Никита Михалков - Бесогон. Россия между прошлым и будущим
Думаю, что генетический страх войны вообще присущ русскому народу. Я не имею в виду животный страх перед битвой как таковой, я имею в виду экзистенциальное про ощущение того, что такое война.
Послушайте, как изменилась интонация! Всё это – уже утверждения.
Здесь мы заглядываем с вами в «Окна Овертона». Два слова о происхождении самого термина. Джозеф П. Овертон был старшим вице-президентом центра общественной политики Mackinac Center. Он описал некую теорию и разработал конкретную практику того, как совершенно чуждые обществу понятия, обычно вызывающие общественное отвращение и презрение, могут быть внедрены в личное и общественное сознание – в том числе за счёт PR-технологий. Суть идеи – в последовательном повторяющемся манипулировании нашим сознанием, после которого любая дичь и чушь может сначала начать обсуждаться в СМИ и морально, так сказать, легализоваться, а потом, будучи внедрена в законодательную базу, – стать юридически правомерной и общепринятой в государстве и обществе точкой зрения. Таким образом патология превращается в норму. А законным и общественно значимым может стать всё, что пожелает тот или иной хороший политтехнолог, пиарщик или имиджмейкер…
Ну, «невинные» вроде бы на первый взгляд вопросы: а зачем было воевать? а можно было бы без таких жертв обойтись? Ну и ладно бы… как в том похабном анекдоте, где старик-ветеран стоит у ларька, пьёт жигулёвское пиво и морщится, а рядом стоит молодой парень, здоровый такой, и говорит развязно: «Ну что, дед, хуже воевал бы, сейчас баварское бы пили, а теперь пей эту кислятину!»

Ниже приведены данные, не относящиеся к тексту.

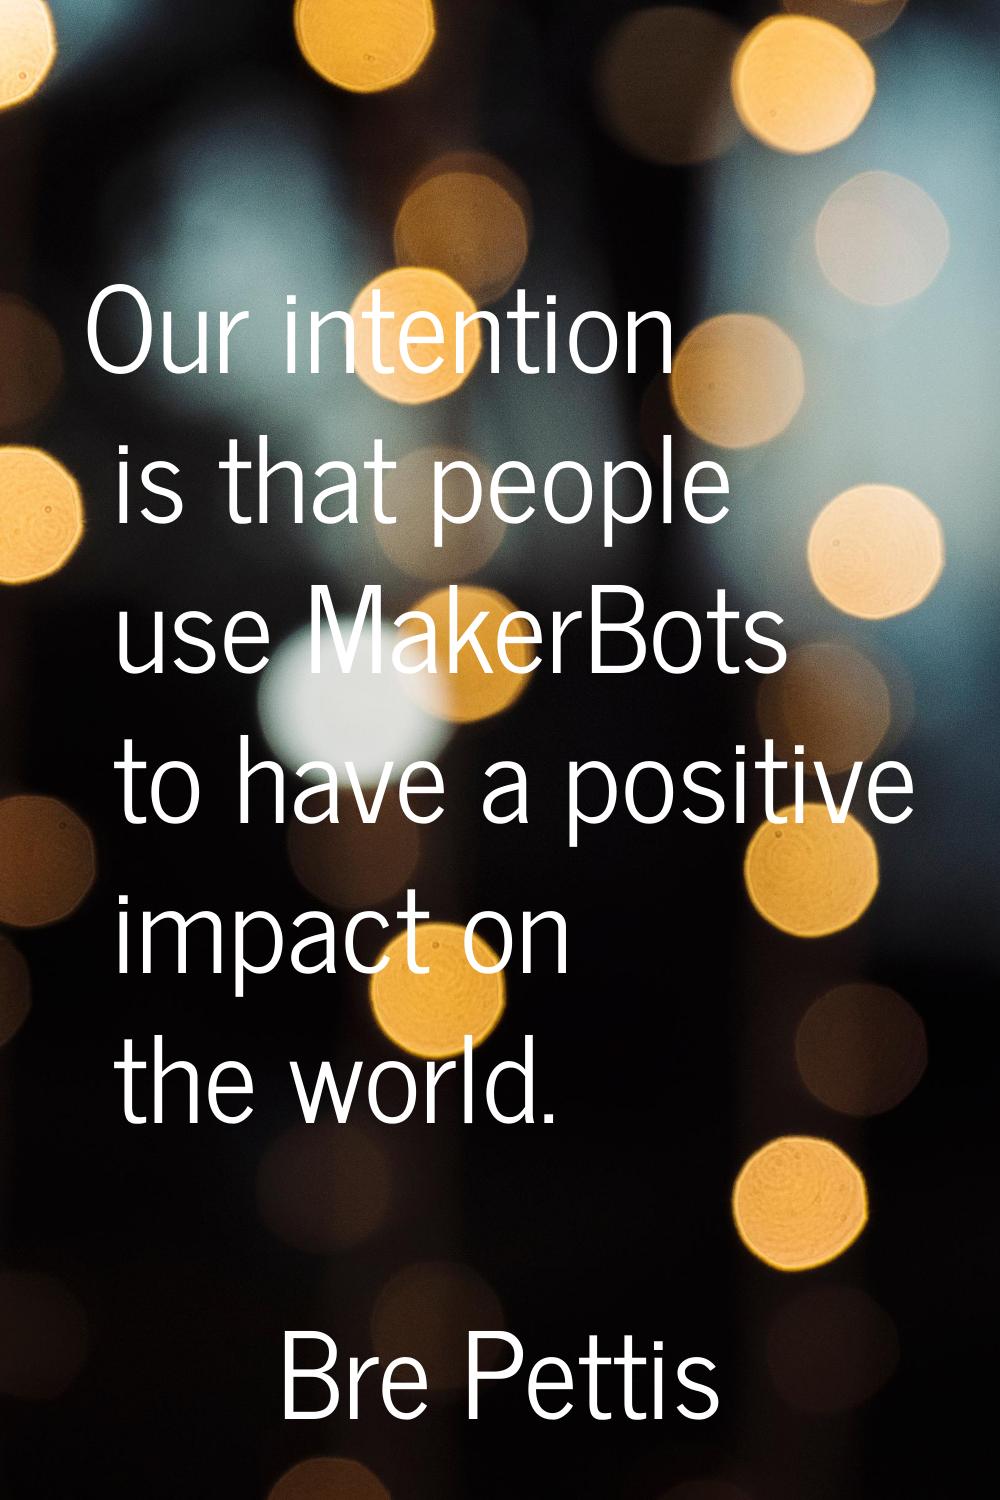 Our intention is that people use MakerBots to have a positive impact on the world.

А может, и правда, лучше бы пили баварское…
Вот так мы и упираемся в «окошечки сомнений» – по шажочку, по реплике, по вопросику, по усмешечке. Я представить себе не могу, что бы сделали с человеком, который сказал что-нибудь подобное насчёт обороны Ленинграда в 1955 или 1960 году. Да даже – в 1970‑х годах. Какой белой вороной он стал бы, сказав такое в стране, потерявшей миллионы людей на страшной войне!
Я уже говорил, что в той войне воевали все – в том числе женщины и дети. У каждого была своя война. Если воевало 30 миллионов человек, то, значит, было 30 миллионов войн – со своей памятью, со своими запахами, со своими страхами, со своими победами, маленькими и большими, над врагом, над собой…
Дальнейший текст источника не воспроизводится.